PropertyLaw.guru Blog

EG 28-11-20

P.33 interesting article touching on the way in which to structure turnover rents and online showrooming sales - the drafting is never going to be easy


P.59 Allocation of social housing rules by local housing authorities - reporting on two cases where applicants were in overcrowded circumstances, and that a jewish housing provider could choose applicants from their religion and not be held to be discriminatory


P.61 How connectivity in offices because an important factor in office choice - affects rent review clause and even it is suggested a right to break the lease if the connectivity of the building is compromised, or service charge provisions to include an obligation on L to provide connectivity!


p.62 Ainscough v Ainscough [2020] EWHC 2909 - family dispute over a forged transfer, involving arguments about Res Judicata, and mistake. In cases where the LR makes a decision aggrieved parties must act promptly for a JR within 3 months, including where the LR desert refer an objection to the FTT but makes its own decision


P.63 Valuation approaches for flexible workspaces - mainly for valuers, involves analysing trading performance, capitalisation of income, and review


P.64 Call for the UK to adopt the Dutch approach to the issue, which is more in the nature of an annual tax on property value


p.65 Planning Use class for ‘extra care housing’ - should it be C2 (residential institutions or C3 (dwelling houses)? Considers Rectory Homes v SS Housing [2020] EWHC 2098. Did 78 of such units count as ‘dwellings’ under C£ for the purpose of the LA’a strategy requirement to provide 40% affordable housing? If they were C2 then the developer could avoid having to provide the affordable element… They each had their own front door but there were facilities which allowed for independent living. HC held they were still dwellings so triggered the affordable element - this may dissuade developers from providing this concept and instead  provide traditional ‘care home’ structures.

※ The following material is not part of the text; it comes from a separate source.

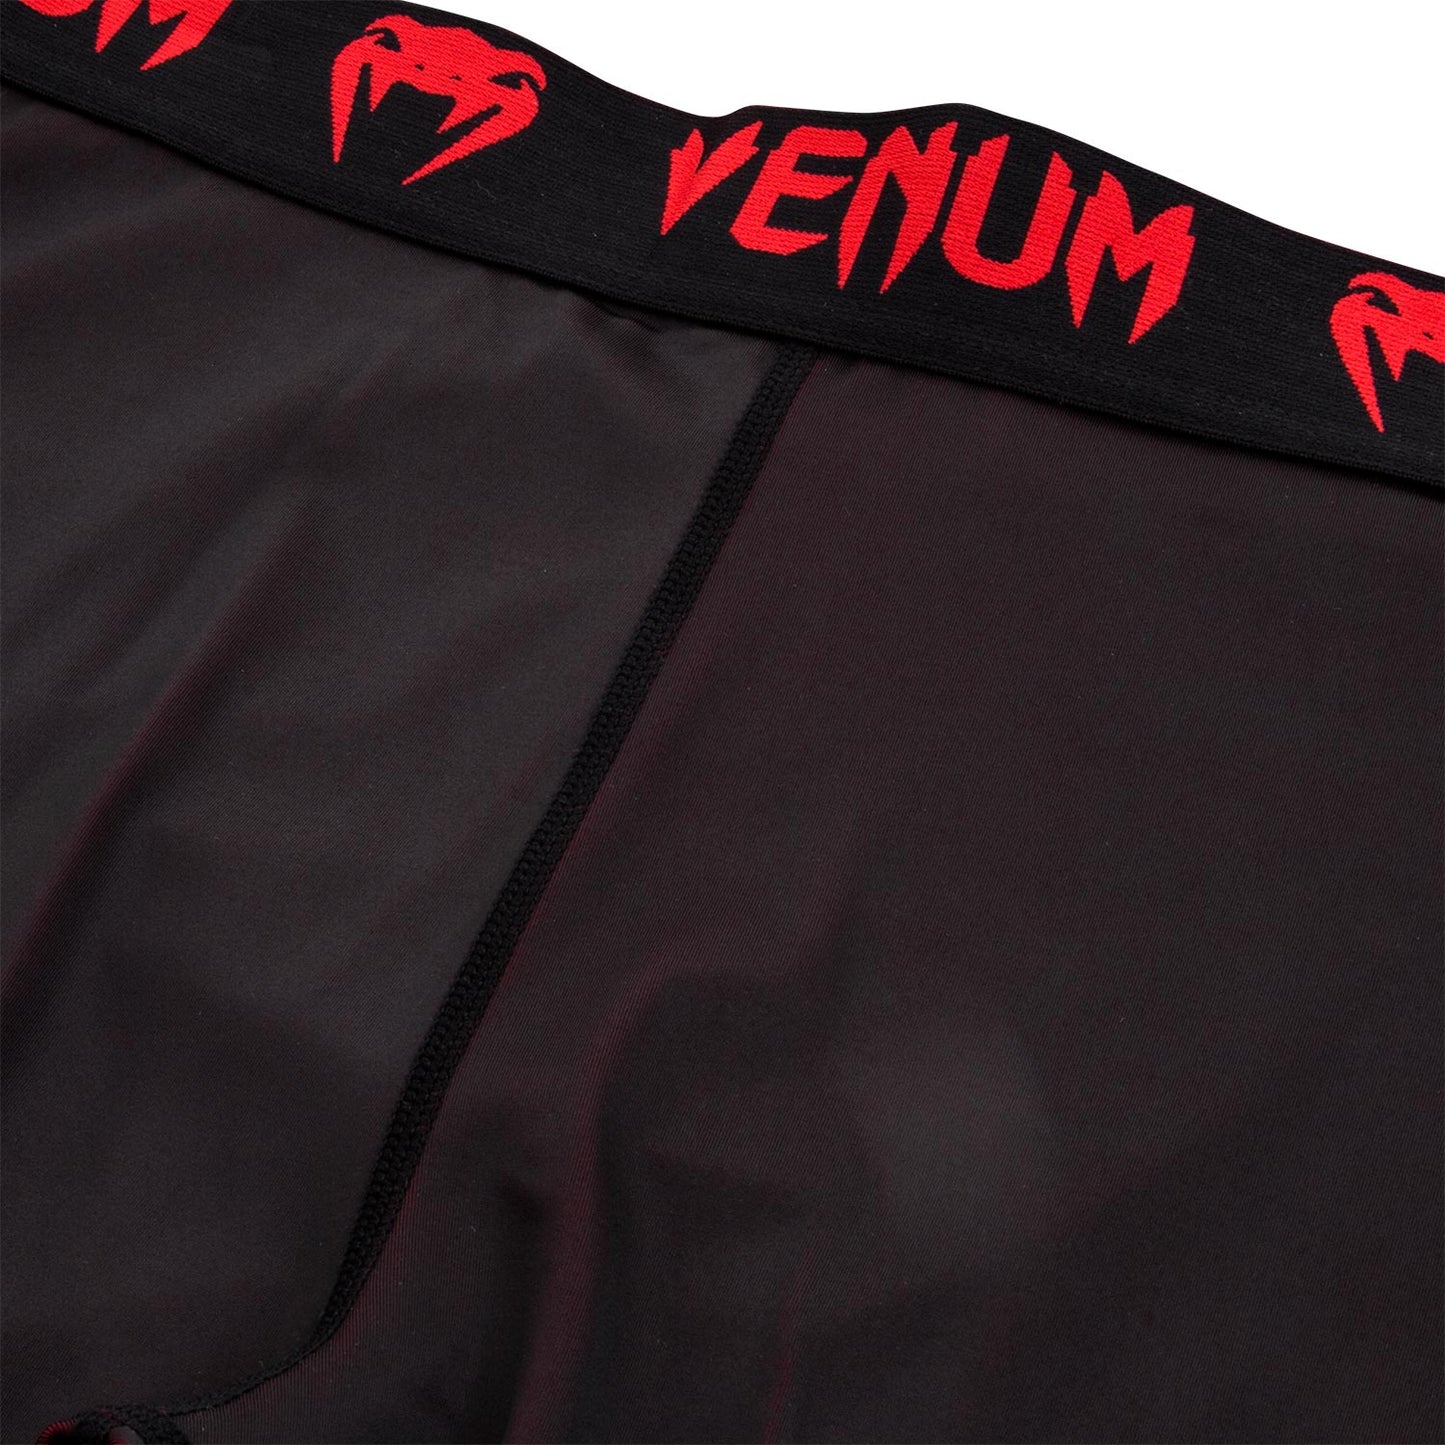 Venum Giant Compression Tights - Black/Red

p.66 Environmental Social and Governance issues in Scottish real estate 


P.67 Another article on the important SC case of Alexander Devine, on s.84. A cynical breach of covenant by a developer was not relevant to the question of whether the provision of affordable housing was ‘in the public interest’ justifying a relaxation of the covenant under s.84 (1) (aa) but was relevant to the exercise of the court’s discretion to modify - the SC ordered in effect that the affordable housing will have to be demolished. The developer should have either designed the buildings to accommodate the covenant or made the s.84(1) (aa) application before it built them (which may well have been successful in that case).